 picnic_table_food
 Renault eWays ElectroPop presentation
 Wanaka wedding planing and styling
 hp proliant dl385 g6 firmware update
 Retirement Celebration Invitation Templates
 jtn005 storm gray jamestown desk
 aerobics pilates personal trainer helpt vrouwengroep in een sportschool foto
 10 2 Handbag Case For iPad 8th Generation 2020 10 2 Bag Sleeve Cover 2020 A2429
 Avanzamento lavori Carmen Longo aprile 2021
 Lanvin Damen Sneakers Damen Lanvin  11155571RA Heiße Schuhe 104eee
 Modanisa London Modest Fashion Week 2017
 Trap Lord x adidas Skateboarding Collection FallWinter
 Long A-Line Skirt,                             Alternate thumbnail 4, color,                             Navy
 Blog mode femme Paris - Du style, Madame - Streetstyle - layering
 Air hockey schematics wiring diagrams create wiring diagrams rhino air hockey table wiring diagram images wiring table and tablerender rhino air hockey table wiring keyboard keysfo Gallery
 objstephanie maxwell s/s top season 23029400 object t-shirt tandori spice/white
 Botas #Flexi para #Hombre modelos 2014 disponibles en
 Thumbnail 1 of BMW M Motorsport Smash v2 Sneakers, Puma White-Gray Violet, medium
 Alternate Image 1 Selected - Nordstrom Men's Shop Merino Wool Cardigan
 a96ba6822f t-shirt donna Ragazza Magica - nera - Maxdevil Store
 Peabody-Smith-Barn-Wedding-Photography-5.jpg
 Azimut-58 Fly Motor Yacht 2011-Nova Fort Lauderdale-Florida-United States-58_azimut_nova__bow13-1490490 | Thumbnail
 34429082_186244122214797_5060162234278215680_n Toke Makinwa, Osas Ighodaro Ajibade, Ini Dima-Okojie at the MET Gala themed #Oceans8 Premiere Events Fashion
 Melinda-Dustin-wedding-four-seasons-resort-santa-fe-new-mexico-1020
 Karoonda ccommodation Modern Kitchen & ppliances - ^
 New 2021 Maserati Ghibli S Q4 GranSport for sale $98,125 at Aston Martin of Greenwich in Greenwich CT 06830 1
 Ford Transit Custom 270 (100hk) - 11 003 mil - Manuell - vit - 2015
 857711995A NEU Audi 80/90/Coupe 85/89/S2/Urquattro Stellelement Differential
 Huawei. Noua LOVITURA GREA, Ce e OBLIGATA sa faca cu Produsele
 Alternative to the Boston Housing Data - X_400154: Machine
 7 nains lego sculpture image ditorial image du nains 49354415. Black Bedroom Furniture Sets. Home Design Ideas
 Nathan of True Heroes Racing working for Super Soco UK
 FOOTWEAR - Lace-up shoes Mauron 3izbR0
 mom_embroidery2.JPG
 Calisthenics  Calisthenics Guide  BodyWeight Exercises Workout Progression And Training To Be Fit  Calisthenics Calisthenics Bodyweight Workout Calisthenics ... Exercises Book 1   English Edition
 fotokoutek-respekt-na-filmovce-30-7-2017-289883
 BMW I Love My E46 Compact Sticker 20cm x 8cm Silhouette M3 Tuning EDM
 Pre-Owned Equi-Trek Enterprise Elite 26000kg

____________________

• [WHAT YOU HAVE TO DO]
Reproduce each of the records word for word.

• [RESPONSE FOR THIS EXERCISE]
 picnic_table_food
 Renault eWays ElectroPop presentation
 Wanaka wedding planing and styling
 hp proliant dl385 g6 firmware update
 Retirement Celebration Invitation Templates
 jtn005 storm gray jamestown desk
 aerobics pilates personal trainer helpt vrouwengroep in een sportschool foto
 10 2 Handbag Case For iPad 8th Generation 2020 10 2 Bag Sleeve Cover 2020 A2429
 Avanzamento lavori Carmen Longo aprile 2021
 Lanvin Damen Sneakers Damen Lanvin  11155571RA Heiße Schuhe 104eee
 Modanisa London Modest Fashion Week 2017
 Trap Lord x adidas Skateboarding Collection FallWinter
 Long A-Line Skirt,                             Alternate thumbnail 4, color,                             Navy
 Blog mode femme Paris - Du style, Madame - Streetstyle - layering
 Air hockey schematics wiring diagrams create wiring diagrams rhino air hockey table wiring diagram images wiring table and tablerender rhino air hockey table wiring keyboard keysfo Gallery
 objstephanie maxwell s/s top season 23029400 object t-shirt tandori spice/white
 Botas #Flexi para #Hombre modelos 2014 disponibles en
 Thumbnail 1 of BMW M Motorsport Smash v2 Sneakers, Puma White-Gray Violet, medium
 Alternate Image 1 Selected - Nordstrom Men's Shop Merino Wool Cardigan
 a96ba6822f t-shirt donna Ragazza Magica - nera - Maxdevil Store
 Peabody-Smith-Barn-Wedding-Photography-5.jpg
 Azimut-58 Fly Motor Yacht 2011-Nova Fort Lauderdale-Florida-United States-58_azimut_nova__bow13-1490490 | Thumbnail
 34429082_186244122214797_5060162234278215680_n Toke Makinwa, Osas Ighodaro Ajibade, Ini Dima-Okojie at the MET Gala themed #Oceans8 Premiere Events Fashion
 Melinda-Dustin-wedding-four-seasons-resort-santa-fe-new-mexico-1020
 Karoonda ccommodation Modern Kitchen & ppliances - ^
 New 2021 Maserati Ghibli S Q4 GranSport for sale $98,125 at Aston Martin of Greenwich in Greenwich CT 06830 1
 Ford Transit Custom 270 (100hk) - 11 003 mil - Manuell - vit - 2015
 857711995A NEU Audi 80/90/Coupe 85/89/S2/Urquattro Stellelement Differential
 Huawei. Noua LOVITURA GREA, Ce e OBLIGATA sa faca cu Produsele
 Alternative to the Boston Housing Data - X_400154: Machine
 7 nains lego sculpture image ditorial image du nains 49354415. Black Bedroom Furniture Sets. Home Design Ideas
 Nathan of True Heroes Racing working for Super Soco UK
 FOOTWEAR - Lace-up shoes Mauron 3izbR0
 mom_embroidery2.JPG
 Calisthenics  Calisthenics Guide  BodyWeight Exercises Workout Progression And Training To Be Fit  Calisthenics Calisthenics Bodyweight Workout Calisthenics ... Exercises Book 1   English Edition
 fotokoutek-respekt-na-filmovce-30-7-2017-289883
 BMW I Love My E46 Compact Sticker 20cm x 8cm Silhouette M3 Tuning EDM
 Pre-Owned Equi-Trek Enterprise Elite 26000kg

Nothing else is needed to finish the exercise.